Untuk sesaat, di meja makan yang menghadap laut itu, mereka bukanlah suami dan istri palsu.
Mereka adalah dua profesional yang berbicara dalam bahasa yang sama. Bahasa desain, logika, dan kesempurnaan.
Ada sesuatu yang baru di udara. Bukan kehangatan, tapi juga bukan lagi hawa dingin yang menusuk. Mungkin... gencatan senjata. Sebuah jeda tak terduga yang tidak pernah tertulis dalam pasal kontrak mereka.
Alina merasa bisa sedikit bernapas. Mungkin, mungkin saja, mereka bisa melewati ini. Mungkin mereka bisa menemukan sebuah ritme, sebuah cara untuk hidup berdampingan sebagai mitra bisnis yang terpaksa berbagi atap.
Tapi, seperti kata orang, ketenangan seringkali hanyalah jeda singkat sebelum badai yang sesungguhnya datang.
Dan badai itu datang bukan dalam bentuk angin atau ombak.
Badai itu datang dalam bentuk getaran.
Ponsel Alina, yang dari tadi tergeletak diam di sudut meja, tiba-tiba bergetar hebat.
Nama "Deni - Kantor" menyala di layar.
Alina sedikit mengernyit. Tidak biasanya Deni menelepon di luar jam kerja, apalagi saat ia sedang "bulan madu".
Pasti ada sesuatu yang penting.
"Halo, Den?" sapanya, mencoba terdengar santai.
Revan, yang sedang menatap laut, tidak menoleh. Tapi Alina tahu, pria itu mendengarkan.
"Iya, aku lagi di luar… Kenapa?"
**
Hening sejenak.
Lalu, raut wajah Alina berubah drastis.
"Apa?!" suaranya meninggi, penuh ketidakpercayaan. "Kenapa bisa? Bukannya kita sudah bayar depositnya minggu lalu?"
Alina bangkit dari kursinya, berjalan mondar-mandir di tepi dek dengan gelisah.
"Ya ampun! ini nggak masuk akal, Den! Mereka nggak bisa seenaknya batalin pesanan H-minus sekian! Itu kerangka baja untuk proyek utama kita tahun ini!"

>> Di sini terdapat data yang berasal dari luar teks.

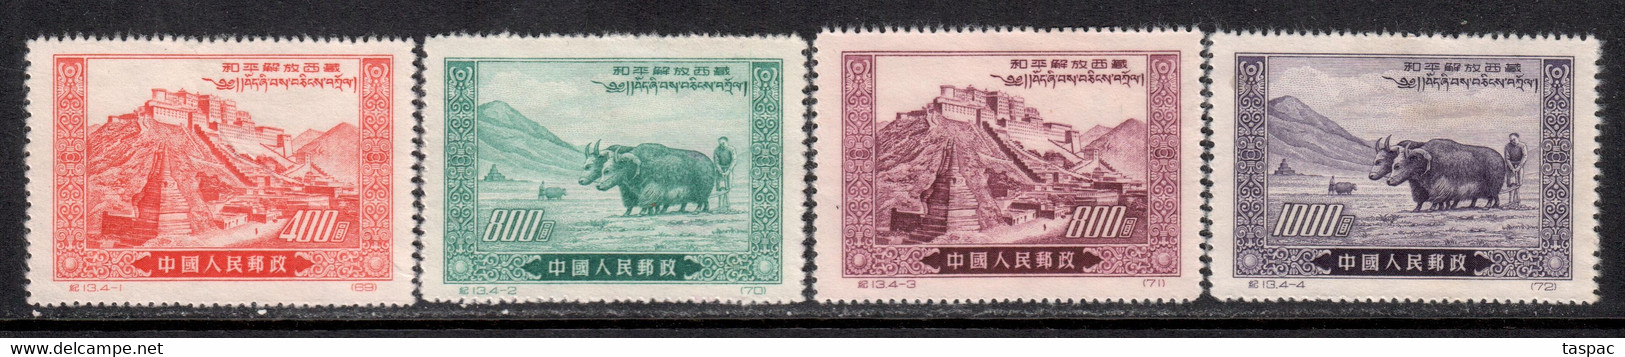 China P.R. 1952 Mi# 137-140 II (*) Mint No Gum, Hinged - Reprints - Liberation Of Tibet - Official Reprints
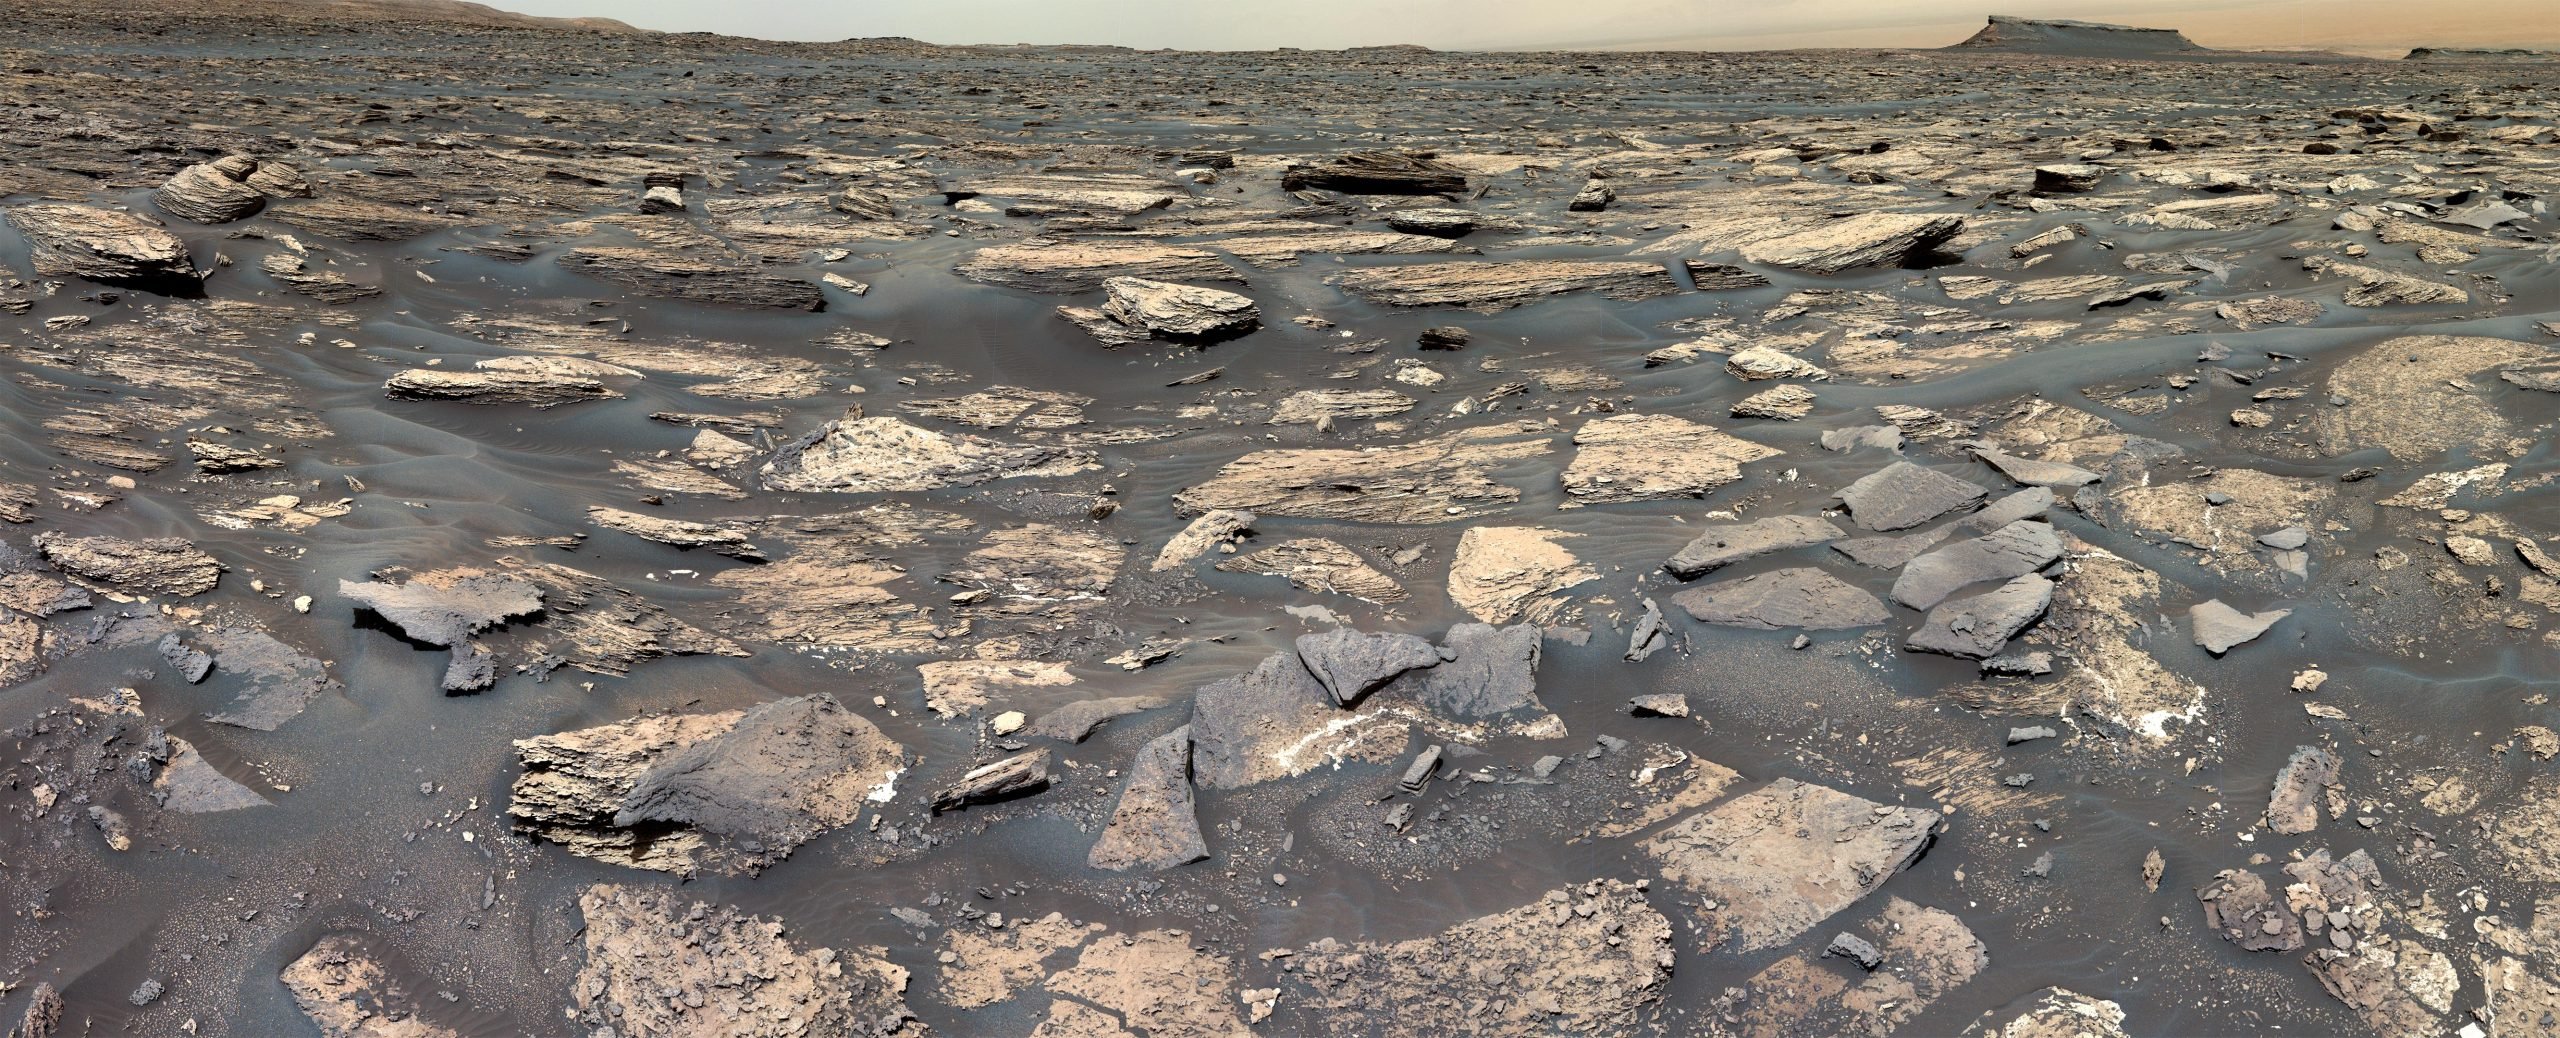 Der NASA-Rover Curiosity enthüllt Anzeichen einer erdähnlichen Umgebung auf dem alten Mars

Suaranya bergetar, campuran antara panik dan amarah yang tertahan. Satu tangannya tanpa sadar meremas rambutnya sendiri, sebuah kebiasaan lama saat ia merasa terpojok.
"Coba hubungi lagi manajernya. Cari tahu alasannya. Aku… aku akan coba cari cara."
Alina menutup telepon dengan tangan gemetar. semua warna seolah tersedot dari wajahnya, meninggalkan kekalutan yang terpahat jelas di setiap garisnya.
Ia menatap laut dengan tatapan kosong. Pikirannya kacau. PT. Baja Perkasa, salah satu supplier baja terbesar, baru saja membatalkan pesanan vital mereka secara sepihak. Tanpa mereka, proyek terbesarnya pasti akan mandek total. Cipta Ruang Estetika akan kembali ke jurang kehancuran.
Semua terasa sia-sia.
Ia begitu sibuk bernegosiasi soal harga dirinya di pulau ini, hingga lupa bahwa di dunia nyata, perusahaannya masih begitu rapuh.
Revan masih duduk di kursinya. Tidak bergerak, tidak berkata apa-apa. Ia hanya menatap Alina, matanya yang tajam seolah memindai setiap detail dari kepanikan itu—getar di suaranya, cara tangannya mencengkeram telepon, hingga bahunya yang sedikit merosot.
Merasa diperhatikan, merasa lemah, Alina tidak tahan lagi.
"Aku… aku butuh waktu sebentar," katanya pelan, lalu berbalik dan berjalan cepat masuk ke dalam vila, menuju kamarnya. Ia butuh ruang untuk berpikir, untuk tidak terlihat hancur di depan pria itu.
Koridor vila terasa sunyi setelah Alina menghilang di balik pintu kamarnya.
Hanya Revan yang tersisa di dek utama.
Ia masih duduk diam selama beberapa saat. Menatap laut. Menatap cakrawala.
Lalu, dengan gerakan yang tenang dan tanpa tergesa-gesa, ia mengeluarkan ponselnya.
Ia tidak menelepon Kakek. Ia tidak menelepon klien.
Ia menekan satu nomor dari panggilan cepatnya.
"Andra," katanya saat panggilan itu tersambung. Nadanya dingin, efisien, tanpa emosi.
"Cari tahu semua tentang PT. Baja Perkasa."
"Cari tahu siapa pemiliknya, siapa dewan direksinya, dan cari tahu kenapa mereka membatalkan pesanan dari Cipta Ruang Estetika."
Ia berhenti sejenak, matanya menatap tajam ke arah pintu kamar tempat Alina menghilang.
"Aku mau laporan lengkapnya di emailku dalam satu jam."
"Dan, Andra…"
Suara Revan menjadi lebih rendah, lebih tajam.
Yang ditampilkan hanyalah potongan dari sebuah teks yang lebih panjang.